Databases that coalesce high-throughput experimental data are crucial for developing AI-based solutions to identify drug targets, disease pathobiology, and a drug’s mechanism of action (Table S1). High-throughput DNA/RNA sequencing technologies have generated robust genomic data in multiple national/international genome sequencing projects in AD, including the Alzheimer’s Disease Sequencing Project (ADSP),17 the Alzheimer’s Disease Neuroimaging Initiative (ADNI),18 and the Genetics of Alzheimer’s Disease Data Storage Site (NIAGADS; https://www.niagads.org). The NIAGADS is a national genetic and genomic data repository for AD research that has collected 102 datasets, 183,003 samples, and over 3.3 billion genotypes (accessed September 27th, 2023). The ADSP, launched in 2012, has sequenced and analyzed genomes to identify a wide range of risk and protective genetic variants in AD, including whole-exosome sequencing (WES) data from ∼20,000 samples, as well as WGS data from over 36,000 samples.17 The Accelerating Medicines Partnership-Alzheimer’s Disease (AMP-AD) was formed to identify biologically relevant therapeutic targets, as well as new biomarkers. AMP-AD data and analysis results are stored in the AMP-AD Knowledge Portal (https://agora.ampadportal.org) and include genomic, transcriptomic, proteomic, metabolomic, and phenotyping data from more than 15,000 subjects. The AD Knowledge Portal19 contains upwards of 100,000 data files from over 80 studies of people with AD and related model organisms. In addition, several human longevity translational projects, such as the Longevity Consortium, Long-Life Family Study, Longevity Genomics, and Integrative Longevity Omics, provide multi-scale omics and aging-related datasets (Table S1), which could translate into possible therapeutic target discovery for aging-related disorders, including AD/ADRD.
AI for AD drug discovery
In the process of drug discovery, AI exploits a theoretical framework of graphical models that represents biological and chemical structures (Figure 2). These AI and graphical models characterize different data science domains and promote development of mathematical algorithms.

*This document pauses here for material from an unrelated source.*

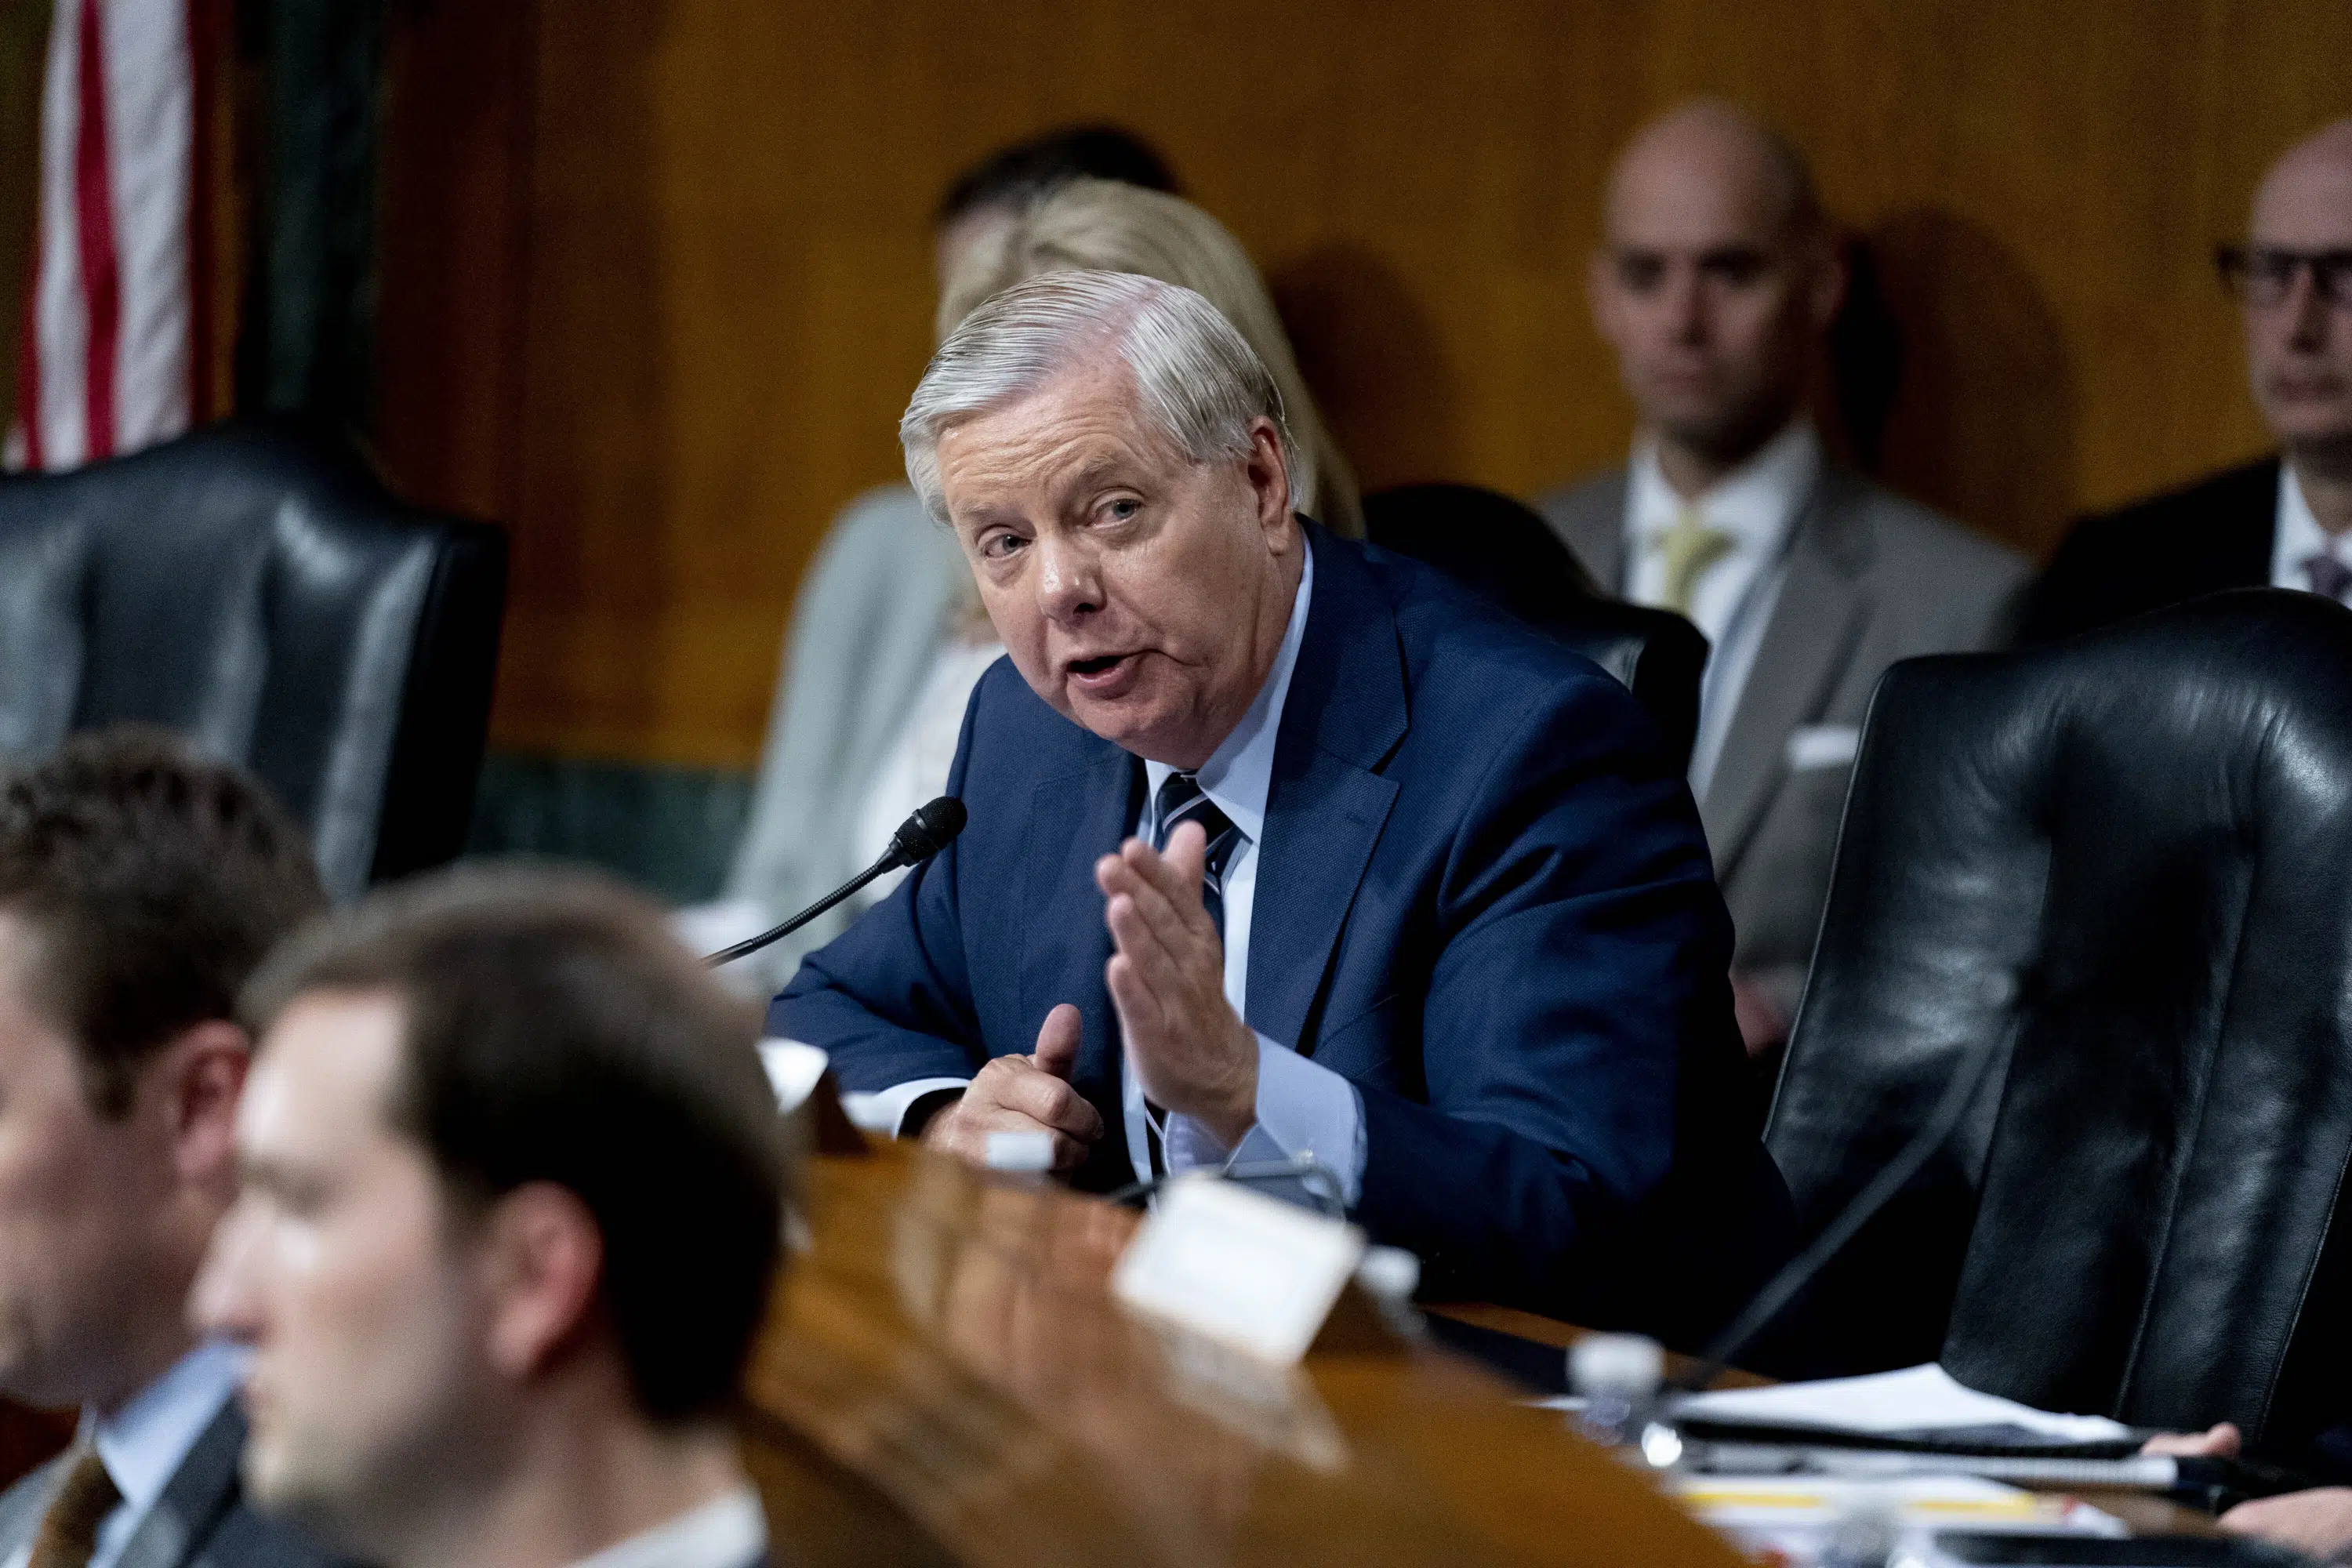 Russia issues arrest warrant for Lindsey Graham over Ukraine comments - The Associated Press

This section describes emerging AI tools for accelerating drug repurposing and emerging therapeutic development in AD.
Figure 2.
Molecular design and optimization using artificial intelligence (AI) and machine learning (ML) approaches in drug discovery and development
(A) Typical molecular representation using graph methods, including SMILES-based molecular presentation for building encoder and decoder models.
(B) Molecular property prediction and optimization using AI and ML approaches. The users can build AI/ML models from molecular representations (A) to evaluate various drug biological endpoints, including drug-target binding affinities, drug-gene expression profiles, drug’s pharmacokinetics properties (i.e., brain penetration), and others.
(C) A diagram illustrating the theoretical process of graph-based molecular representation and learning process.
De novo drug discovery
There has been substantial recent progress in de novo drug design and optimization through AI and deep learning techniques, facilitating strategic design of novel molecular structures both de novo and based on information gleaned from large databases (Table S1), such as ZINC20 and GDB-17.21 This technology has brought a new direction to an otherwise vast chemical space, aiding in the design of molecules with desired properties, such as high binding affinity with protein targets and low predicted toxicity.22 Generative models,23,24,25 such as variational autoencoders, generative adversarial networks, and normalizing flows, have been applied to generate realistic and diverse molecules with drug-like properties and ideal brain penetration properties (Table S2). An international team proposed a generative tensorial reinforcement learning (GENTRL) model for de novo small-molecule design.26 Via optimizing synthetic feasibility, novelty, and biological activity under the GENTRL model,26 the team identified potent inhibitors of discoidin domain receptor 1 (DDR1), a kinase target implicated in fibrosis and neurodegenerative diseases.27 In addition, an AI-designed dual-targeted 5-HT1A agonist and 5-HT2A antagonist by Exscientia (UK), DSP-0038, is under a phase 1 trial for possible treatment of AD psychosis.28 The details for de novo drug discovery using AI tools can be found in a recent review.11,29
Retrosynthesis prediction
Once a desired molecular structure is identified, the next question is whether it can be readily synthesized from already-existing molecules. This is known as retrosynthesis prediction, which infers a set of reactants for classification into two categories: (1) template-based approaches30 and (2) template-free approaches.31,32 Templates are transformation rules involving different substructures or functional groups, which are usually derived from hand-coded rules from domain experts or automatically extracted with algorithms. For template-based approaches, the key problem for retrosynthesis prediction is selecting the optimal template for a query molecule. Recently, a conditional graph logic network (CGLN) was proposed for ranking the templates for a query molecule.30 While this provides interpretable approaches, it is slow and unable to generalize to reactions outside of the domain knowledge. Thus, there is growing interest in developing template-free approaches. Liu et al. have formulated retrosynthesis prediction as a machine translation problem by representing molecules as simplified molecular-input line-entry system (SMILES) strings31; Shi et al. proposed a graph-to-graph framework (G2Gs) for retrosynthesis prediction by treating both the product and reactant molecules as graphs.32 A new chemical synthesis strategy, termed “pharmacophore-directed retrosynthesis,” has been reported to generate a natural product, gracilin A, for neurodegenerative diseases like AD.33
Optimization of pharmacokinetics (PK) and pharmacodynamics (PD)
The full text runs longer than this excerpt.